Por Gonzalo Peltzer
Ludwig Wittgenstein (1889-1951) es quizá el más importante filósofo del lenguaje. Austríaco de nacimiento y británico por adopción, fue profesor en la Universidad de Cambridge, en Inglaterra, donde murió y está enterrado. A raíz de la polémica sobre el lenguaje inclusivo en las escuelas de Buenos Aires, se me ocurrió preguntarle a Wittgenstein cómo es la relación entre inclusivismo y pensamiento. Ya no está entre nosotros, pero por suerte les podemos preguntar a sus obras, el Tractatus Logico-Philosophicus y cantidad de manuscritos sistematizados y publicados por sus discípulos después de su muerte.
La posibilidad humana de formar conceptos universales es esencial para el pensamiento: por eso podemos distinguir a los individuos de la especie (cuando vemos un perro sabemos que es un perro porque tenemos incorporado el universal perro). Para pensar necesitamos los conceptos universales ya que si no, cada cosa que vemos o experimentamos sería nueva y no podríamos ni razonar ni decir nada de nada. A los conceptos los expresamos con palabras y las palabras forman la lengua en la que pensamos y hablamos. A una lengua que no tiene palabras para expresar ciertos conceptos le faltan herramientas para pensar, y a una persona con escaso vocabulario le faltan todavía más: está claro que no es lo mismo razonar con 10.000 conceptos que con 500. Esto explica la importancia de leer y también que haya lenguas más adecuadas para la filosofía, o la teología, o para las ciencias duras, la lógica o la matemática.
Carlos V -el rey y emperador políglota que vivió cuatro siglos antes que Wittgenstein- decía que hablaba en castellano con Dios, en italiano con las mujeres, en francés con los varones y en alemán con su caballo.

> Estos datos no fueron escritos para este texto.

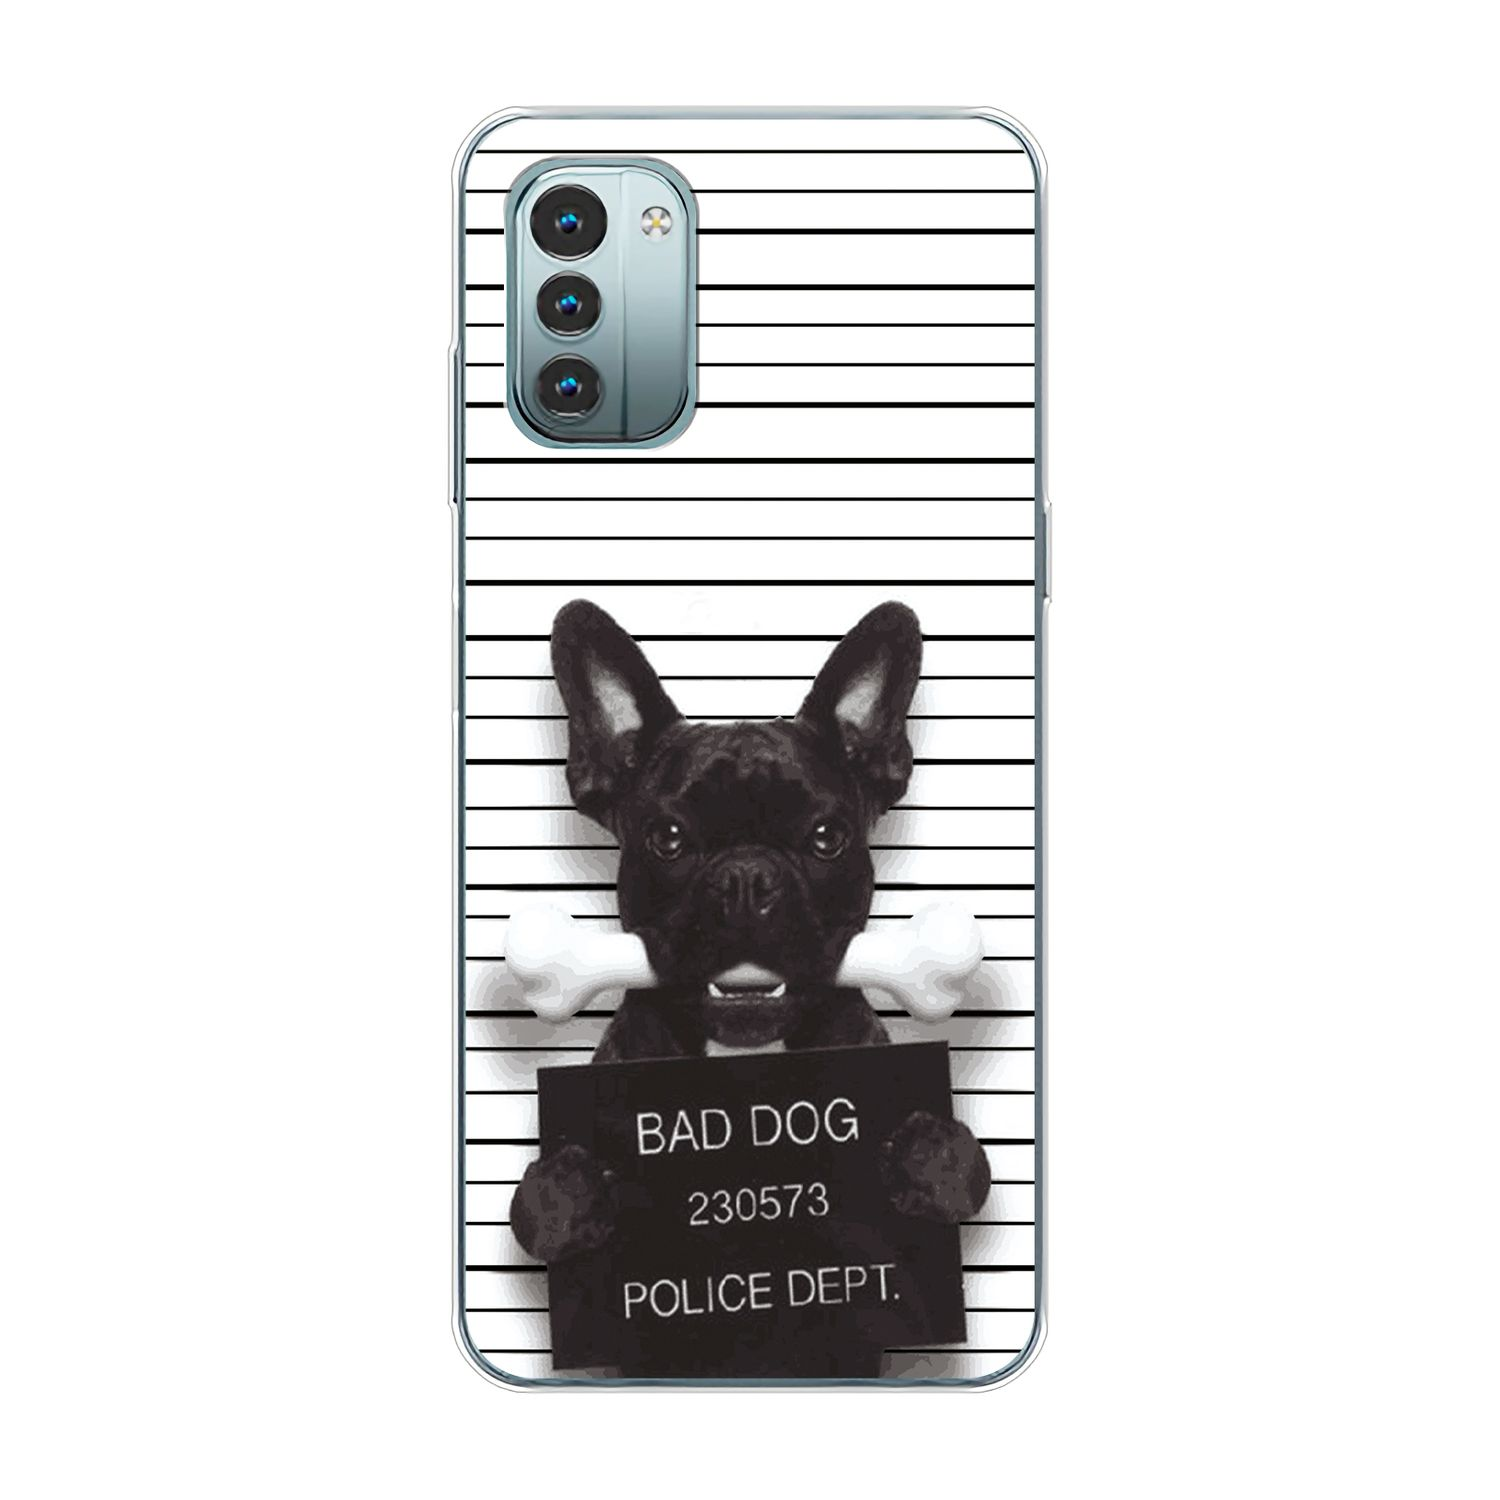 KÖNIG Bulldogge Nokia, G11, Dog Bad DESIGN Backcover, Case,

Lo diga o no lo diga Carlos V, lo cierto es que el castellano evolucionó hacia los niveles más avanzados de abstracción de los conceptos universales y también es cierto que parece que quienes hablan lenguaje inclusivo pretenden que involucionemos hasta los relinchos de los caballos.
Para el inglés, el francés, el alemán o el italiano, las mujeres y los varones son conceptos distintos ya que usan diferentes palabras: brother and sister, frère et soeur, Bruder und Schwester, fratello e sorella. En castellano, en cambio, decimos hermano y hermana, porque es el mismo concepto con dos géneros distintos, que además están contenidos en el plural masculino: alcanza con decir hermanos para incluirlos a todos, porque el nivel de abstracción nos permite usar un solo término para el único concepto de ser hijos de los mismos padres, algo que no se puede decir en inglés, francés, alemán o italiano, y que paradójicamente también nos permite decir hermanes, cosa que es imposible en casi todos los otros idiomas que se hablan en el mundo.
La misma inclusión -la de verdad- en un solo concepto, y por tanto en una sola palabra, expresa la inferioridad de los varones respecto de las mujeres y no lo contrario, como parece suponer el hembrismo peleador. El femenino es exclusivo para las mujeres mientras que el masculino nos incluye a varones y mujeres porque así fue el orden que el Génesis relata de menor a mayor y termina con la mujer coronando toda la Creación. No importa ahora si creemos o no creemos o si el texto de la Biblia es una metáfora. Es lo que hay y es lo que configuró nuestra cultura en los últimos cinco mil años. Será por eso que todavía no se entiende la necesidad que tiene el feminismo combativo de devaluar a las mujeres para hacerlas iguales a los varones, cuando durante 50 siglos todos tuvimos la certeza de que son superiores.
Dicen Carlos V y Ludwig Wittgenstein que no es una buena idea rebajar el nivel de abstracción del castellano, que es lo que ocurre cada vez que alguien clava un todos y todas.
* Artículo publicado originalmente en el diario El Territorio.
Gonzalo Peltzer - Doctor en Comunicación Pública, director de El Territorio, ex decano de la Facultad de Ciencias de la Información de la Universidad Austral.